Delayed onset muscle soreness (DOMS) is a familiar foe for anyone who has pushed their muscles to new limits through intense exercise. This phenomenon, characterized by muscle stiffness, tenderness, and decreased range of motion, typically sets in 12-24 hours after a grueling workout and can last for several days. While DOMS is often seen as a badge of honor among fitness enthusiasts, it can be a significant barrier for clients, especially those new to exercise. As a fitness trainer, understanding the causes, symptoms, and management strategies for DOMS is crucial to creating effective and enjoyable training programs that keep your clients motivated and injury-free. This article will delve into the physiology and causes of DOMS, explore evidence-based techniques to alleviate its discomfort, and provide practical tips for mitigating its impact on your clients’ workout experiences. By mastering the art of managing muscle soreness, you can foster a positive and empowering environment that nurtures long-term commitment to physical fitness.
What is Delayed Onset Muscle Soreness (DOMS) & Why Does It Happen?

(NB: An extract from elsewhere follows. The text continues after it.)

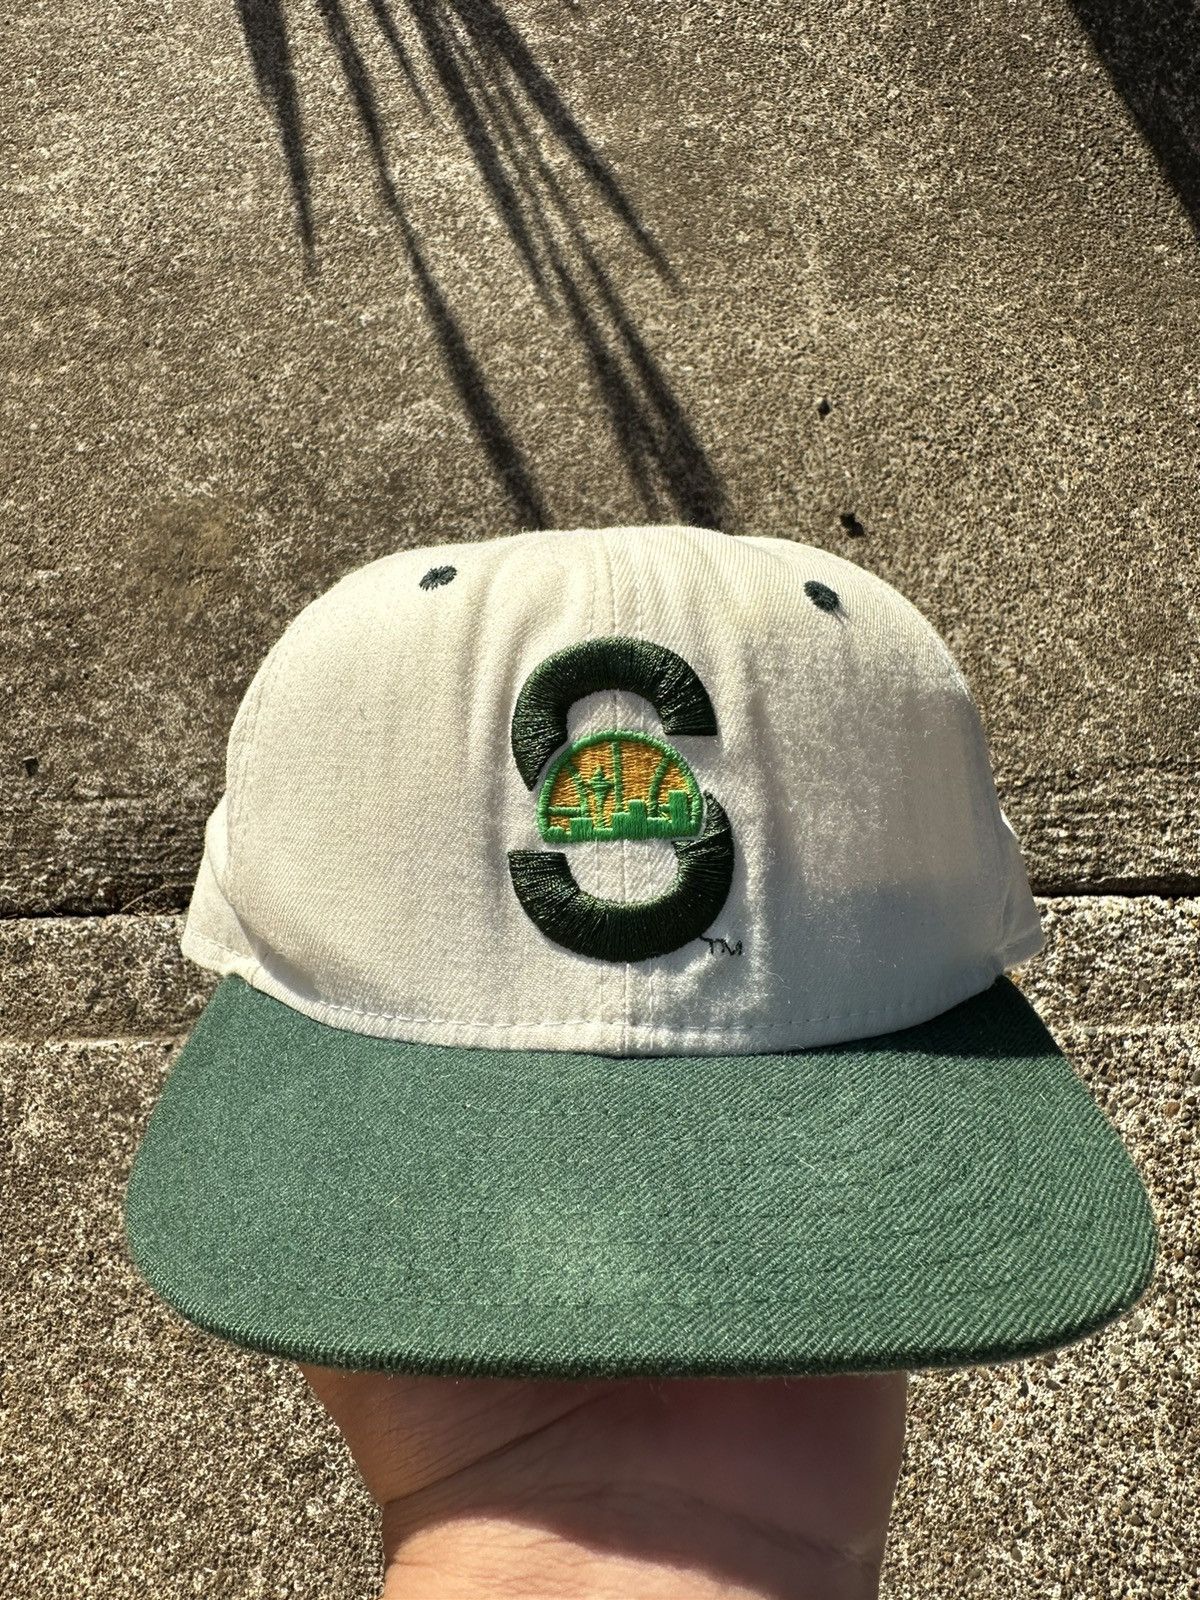 Seattle Super Sonics Vintage 90s the Game Snapback Hat 
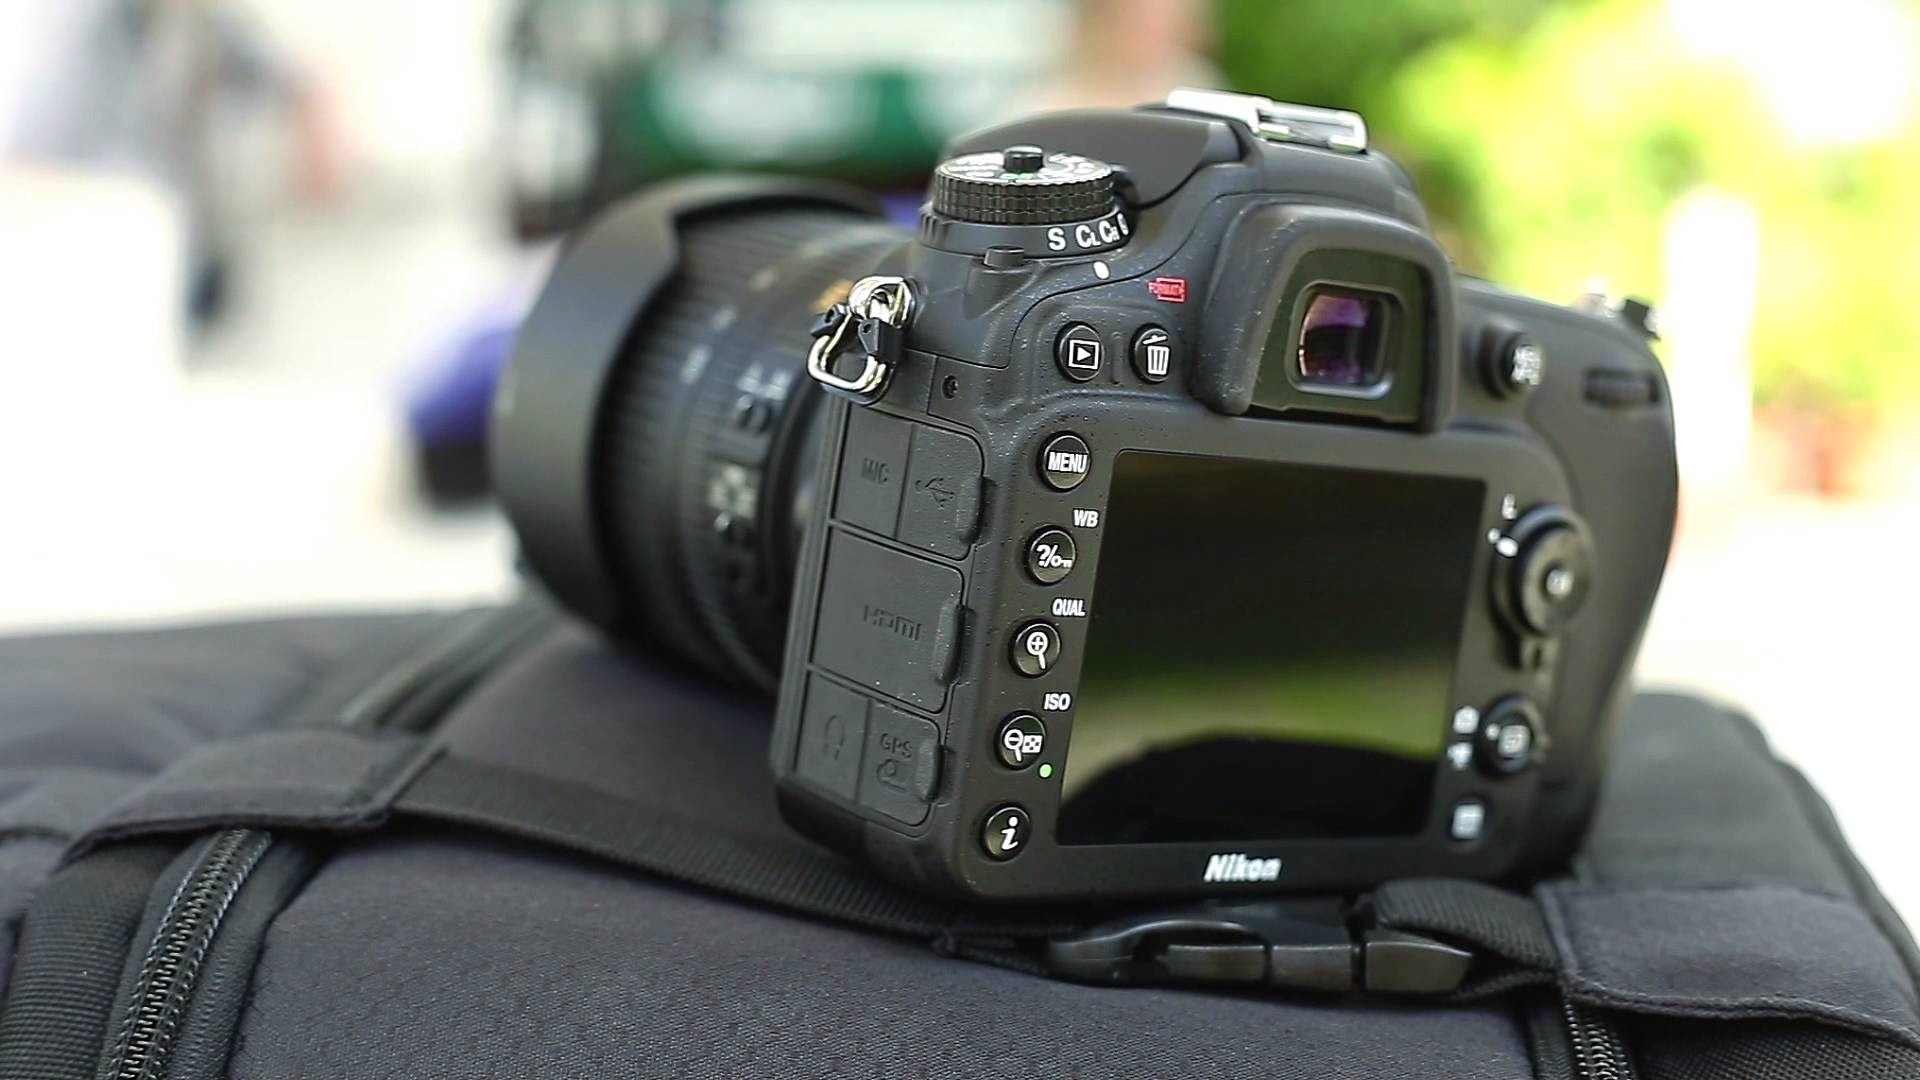 كيف تختار كاميرا SLR (DSLR)؟

Delayed Onset Muscle Soreness (DOMS) is a phenomenon that every fitness enthusiast has likely experienced at some point. It’s that nagging, achy feeling in your muscles that sets in a day or two after a workout, especially if you’ve tried new exercises or significantly increased the intensity of your routine. The phenomenon is complicated, but here is a summary of what happens at the cellular level:
- During intense or unaccustomed exercise, mechanical stress and metabolic fatigue cause microscopic damage to the sarcomeres of muscle fibers as well as connective tissue.
- This micro-damage promotes the release of potassium, calcium, creatine kinase (CK), and myoglobin into the bloodstream.
- At the same time, an inflammatory response is initiated where cells like neutrophils and macrophages infiltrate the damaged area to aid the repair process.
- This response also generates reactive oxygen species (free radicals) that can cause further oxidative damage to muscle cells and surrounding tissues.
This cascade typically peaks 24-48 hours post-exercise, resulting in maximum muscle soreness levels at around 72 hours before gradually subsiding over several days as the regenerative process completes.
DOMS typically kicks in 24-48 hours after a challenging exercise session, which is why it’s called “delayed onset.” It’s important to note that DOMS differs from the immediate muscle soreness you might feel during your workout.
That burning sensation you experience during your exercise routine is caused by lactic acid buildup, which dissipates shortly after you finish exercising. Lactic acid buildup is not the cause of DOMS. Lactic acid (sometimes called lactate) dissipates within 30 to 60 minutes after you stop working out. As such, it is not present in significant amounts when your muscles begin to feel sore.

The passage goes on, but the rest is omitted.